New Apps Available for NEX-5R and NEX-6

Sony has made two new applications available for cameras that accept them (NEX-5R, NEX-6) in their PlayMemories store. The apps are Time-lapse (US$10), and Cinematic Photo (US$5).

Time-lapse does what you think: it adds a time-lapse feature (which many cameras just have built-in). There are some nice aspects to the app, as you can choose to assemble a 24 fps or 30 fps video or just compile the individual stills.

Timelapseapp.jpg

But note the confusing bottom. It's trying to tell you what you've set and the implications of that. Why not just have two lines, the first of which says "X shots taken every Y seconds = Z seconds playback"? And then "Takes H:MM:SS to capture the sequence." We have engineers trying to write user interface information that's understandable, so we get confusing terms like "Duration." Is that the duration of the final result, or the duration that it takes to capture the sequence? 

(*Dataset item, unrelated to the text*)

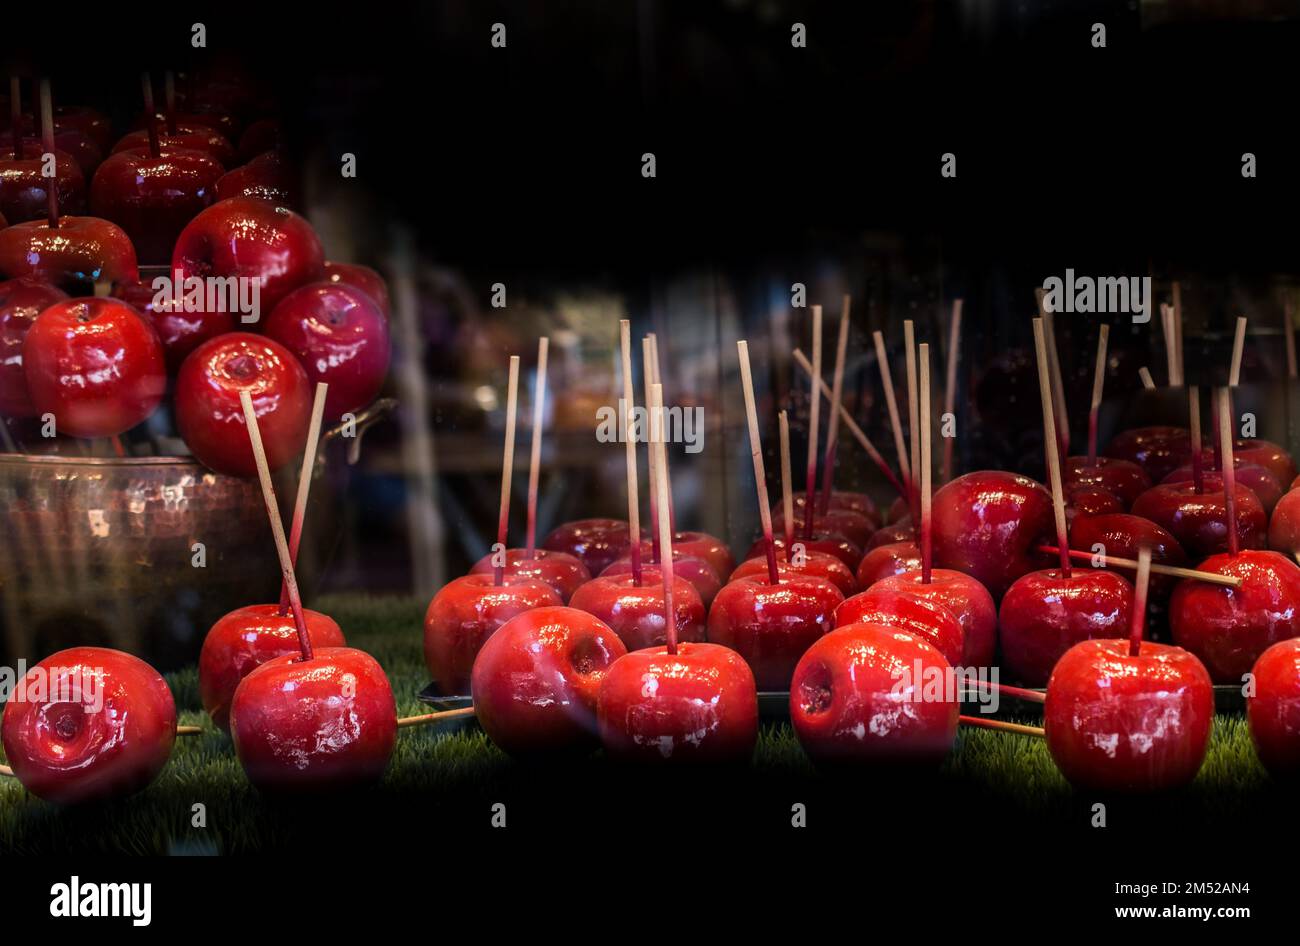 Le mele caramelle sono mele intere ricoperte da un rivestimento duro di  caramelle o zucchero, con un bastone inserito come manico Foto stock - Alamy
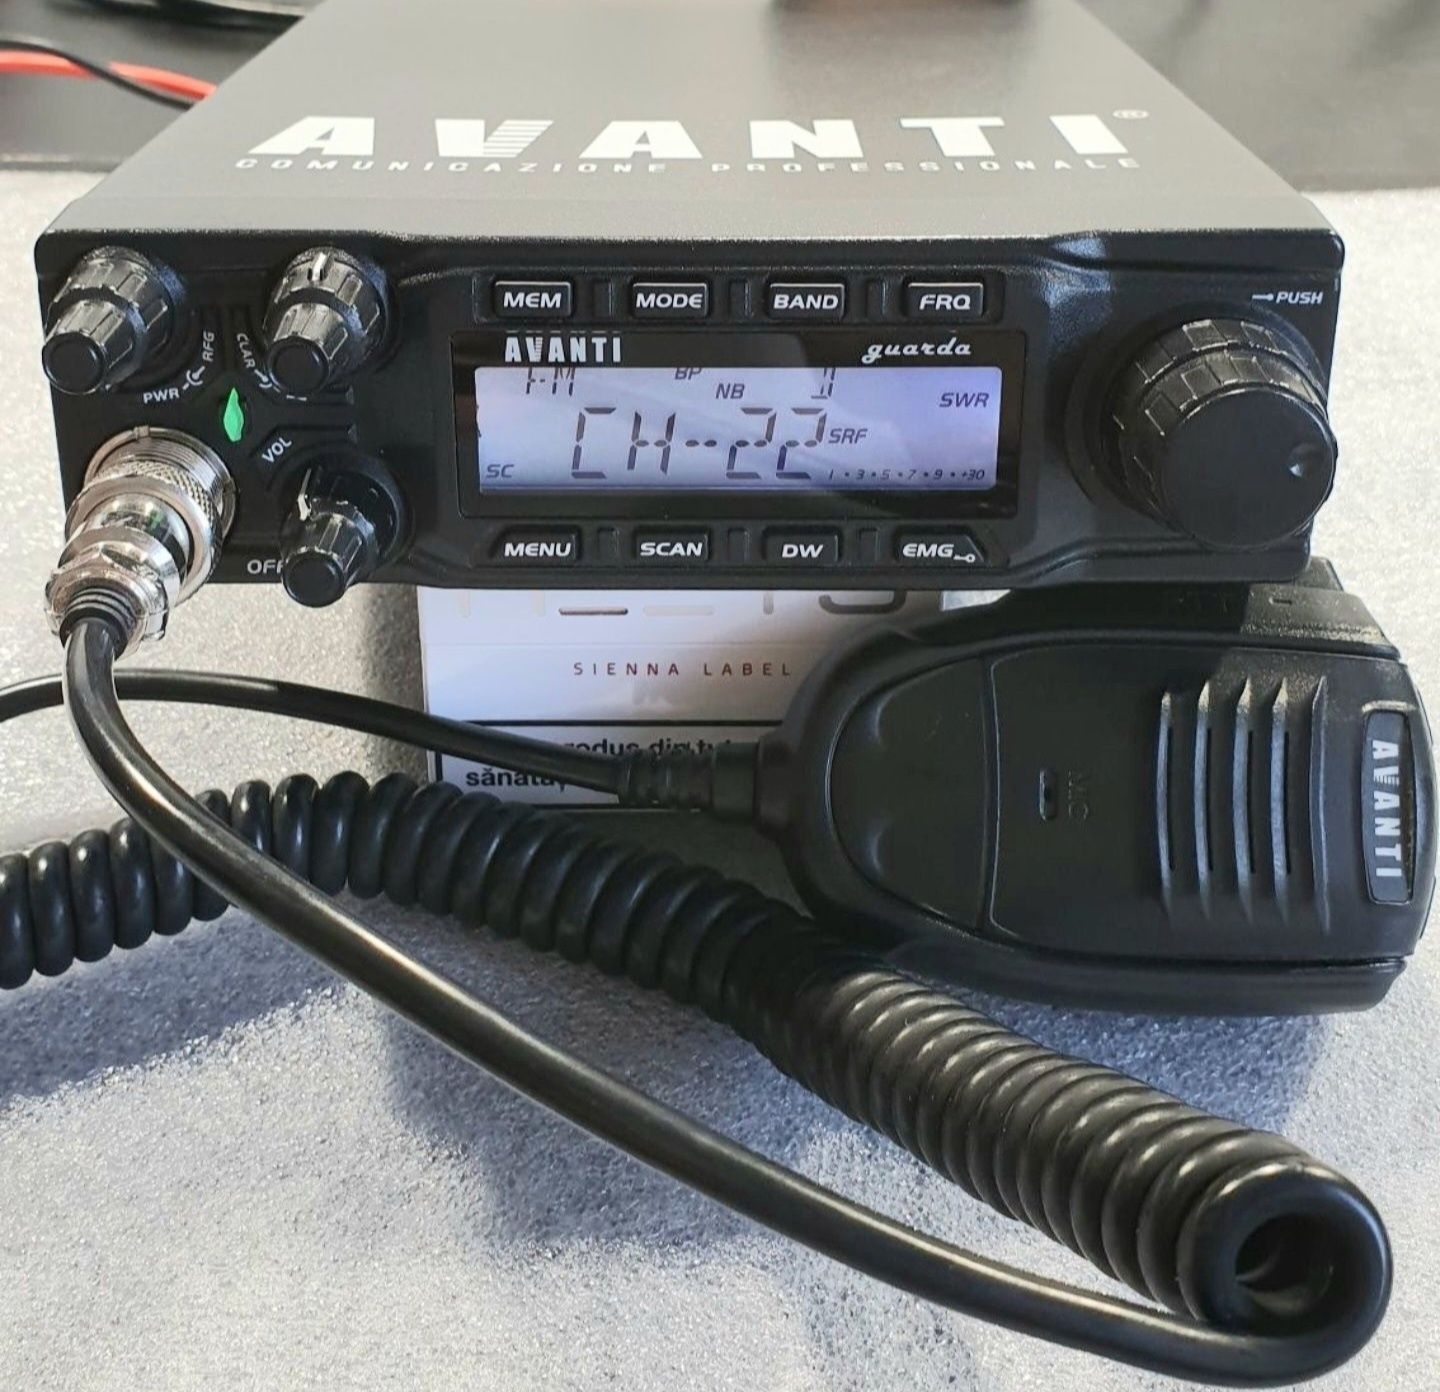 Statie radio CB - Avanti GUARDA/CRT SS9900 (4-135W)* noua/garantie

This is actually one of the reasons why I want Sony to open up the API to outside developers. Some of us have experience in attention to such details. Plus we have an imagination, too. Where are the "ease in" and "ease out" options? Where are the fade and exposure options? I've got some time-lapse apps on my iPhone that just blow this one away in terms of capabilities and options, and they don't cost US$10.

Technically, what Sony has presented is an intervalometer that can compile into a video output, not a true and complete time-lapse application. Still, it's better than nothing. But why do we have to pay US$10 for that on these cameras when the same thing is available free on other cameras?

The Cinematic Photo application is more interesting in that it does something that we haven't seen on another camera yet (though Nikon's Motion Snapshot in the Nikon 1 models is a relative). Basically it combines a still and a video taken together (it's actually a very fast sequence of stills used to mimic video). You then outline the area of the still in which you want the video to be used instead of the still. So you end up with a "video" that's a still, but with some parts of it moving. 

You actually have to think a bit about this capability before you try to shoot it. It works best when you have isolated motion in the foreground against a fixed background. If you have both a foreground and background in motion, it gets tougher to pick an area to animate that doesn't give itself away and ruin the effect (e.g. part of the background moves, but not all of it).